To determine shape and surface of the microspheres scanning electron microscopy (SEM) was used. The samples were sputter coated with Au/Pd using a vacuum evaporator (Balzers SDC 004 Sputter coater, Oerlikon Corporate Pfäffikon, Switzerland), and examined using a scanning electron microscope (JEOL JSM-6400 (JEOL, Tokyo, Japan) at 10 kV accelerating voltage.

Microspheres were suspended in ethanol. A solution of 10⁻³ M KCl was prepared. 1 mL of microsphere suspension was diluted into 99 mL KCl solution. Zeta potential measurements were made by microelectrophoresis using a Malvern Zetasizer Nanoseries Nano ZS (Malvern Instruments, Herrenberg, Germany). Measurements were performed at an effective voltage of 150 V and 25 ºC. Electrophoretic mobility data were automatically converted into zeta potential using the Henry equation and the approximation of Helmholtz-Smoluchowski [25].

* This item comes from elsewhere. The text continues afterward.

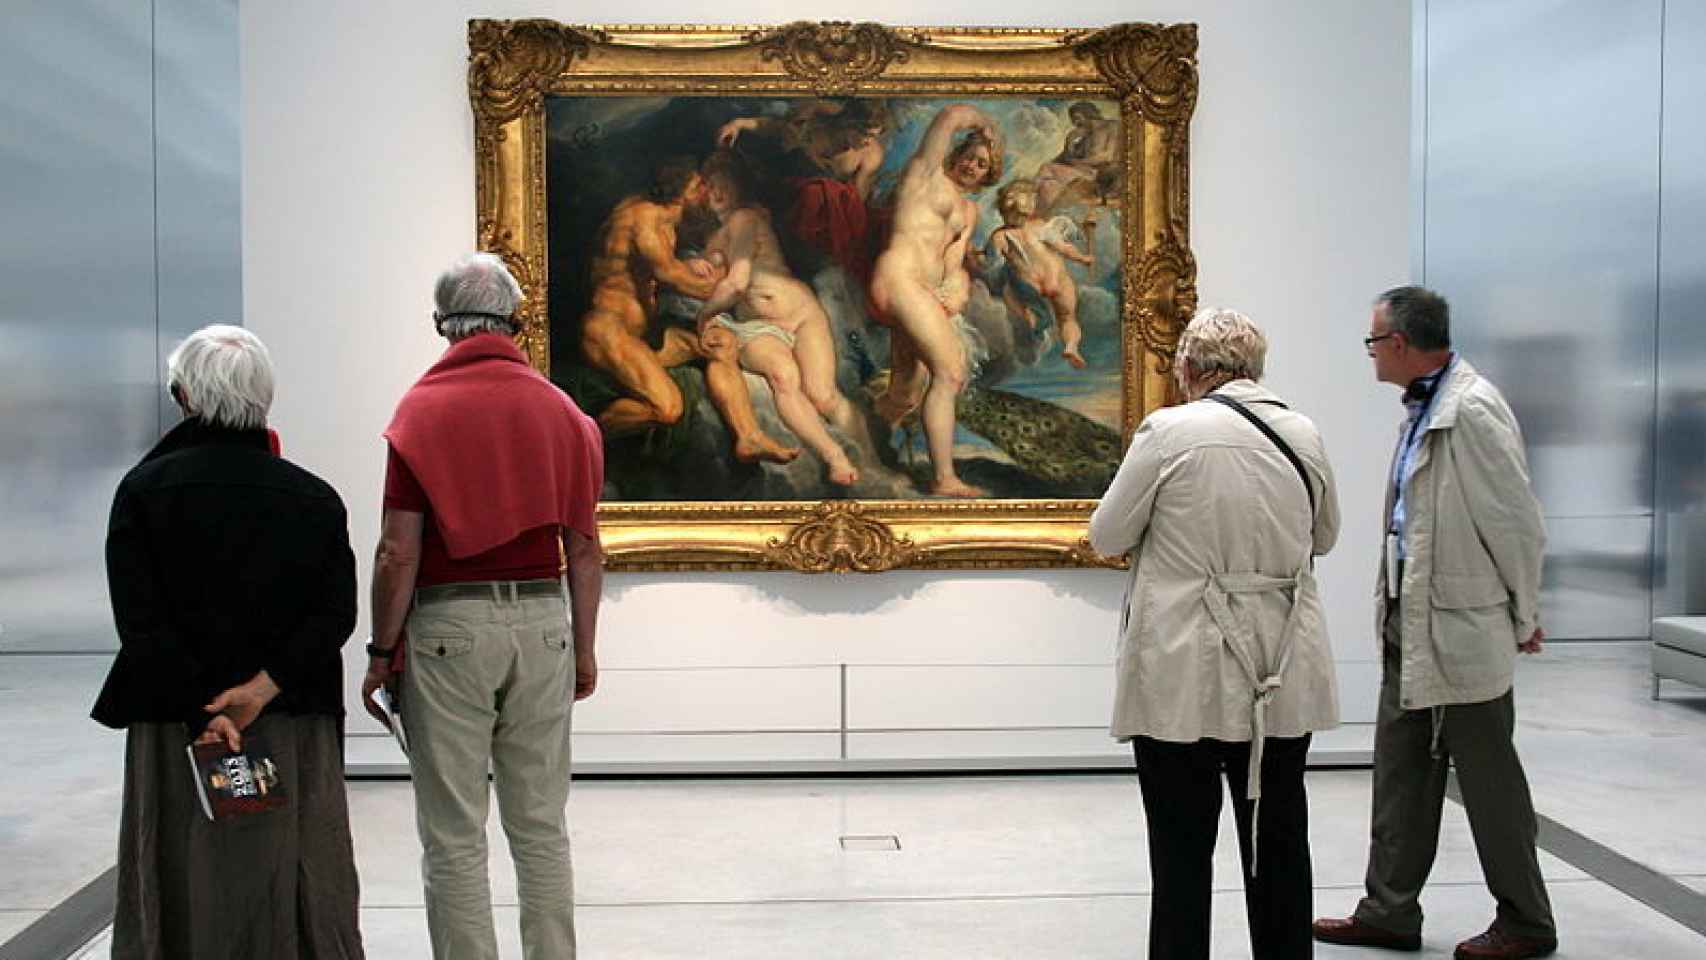 Ixion rey de los lapitas engañados por Juno, famoso cuadro de Peter Paul Rubens, en su exhibición temporal en Lens.

X-ray diffraction patterns were obtained using an X-ray diffractometer (PHILIPS X’PERT SW) with a copper anode. The samples were scanned continuously from 0º to 50º (2θ) at 45 kV and 40 mA.

Microspheres inside a cellulose dialysis bag (dialysis tubing, Mw cut off 12,000 Da, Sigma Aldrich, Madrid, Spain) to avoid the loss of microspheres during the experiment, were suspended in HCl 1N pH 1.2 as simulated gastric fluid, SGF (clarithromycin and tramadol hydrochloride) or PBS pH 7.4 (LMWH) without enzyme. The dialysis bag was placed in a glass with 50 mL (clarithromycin), 200 mL (tramadol hydrochloride) or 100 mL (LMWH) of the release medium at 37 ºC with orbital agitation of 100 rpm (Rotabit horizontal shaker, Selecta, Barcelona, Spain). The volume of the release recipient was established on the basis of previous studies for each drug, so that the release medium would not be saturated. At predetermined interval times, 2 mL of sample were withdrawn. The withdrawn volume was replaced with fresh medium at the same temperature. The drug released was quantified by HPLC in the case of clarithromycin and UV/Vis in the case of tramadol hydrochloride and LMWH. All the experiments were carried out in triplicate.